# [What is expected]
Find the line with "Dream Pod 9" in the entries below, then reproduce it and every line after it down to and including the line with "Clemente Giglio", exactly.
- - - -
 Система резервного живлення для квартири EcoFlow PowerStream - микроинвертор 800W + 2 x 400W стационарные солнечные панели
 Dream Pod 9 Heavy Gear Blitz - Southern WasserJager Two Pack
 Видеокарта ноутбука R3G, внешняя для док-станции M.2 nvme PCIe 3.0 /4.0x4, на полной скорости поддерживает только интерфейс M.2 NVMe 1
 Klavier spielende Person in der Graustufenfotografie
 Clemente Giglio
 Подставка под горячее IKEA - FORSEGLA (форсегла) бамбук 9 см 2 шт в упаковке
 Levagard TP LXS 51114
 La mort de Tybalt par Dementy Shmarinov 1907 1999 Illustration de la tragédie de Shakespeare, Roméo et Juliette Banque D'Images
- - - -
# [Written answer]
 Dream Pod 9 Heavy Gear Blitz - Southern WasserJager Two Pack
 Видеокарта ноутбука R3G, внешняя для док-станции M.2 nvme PCIe 3.0 /4.0x4, на полной скорости поддерживает только интерфейс M.2 NVMe 1
 Klavier spielende Person in der Graustufenfotografie
 Clemente Giglio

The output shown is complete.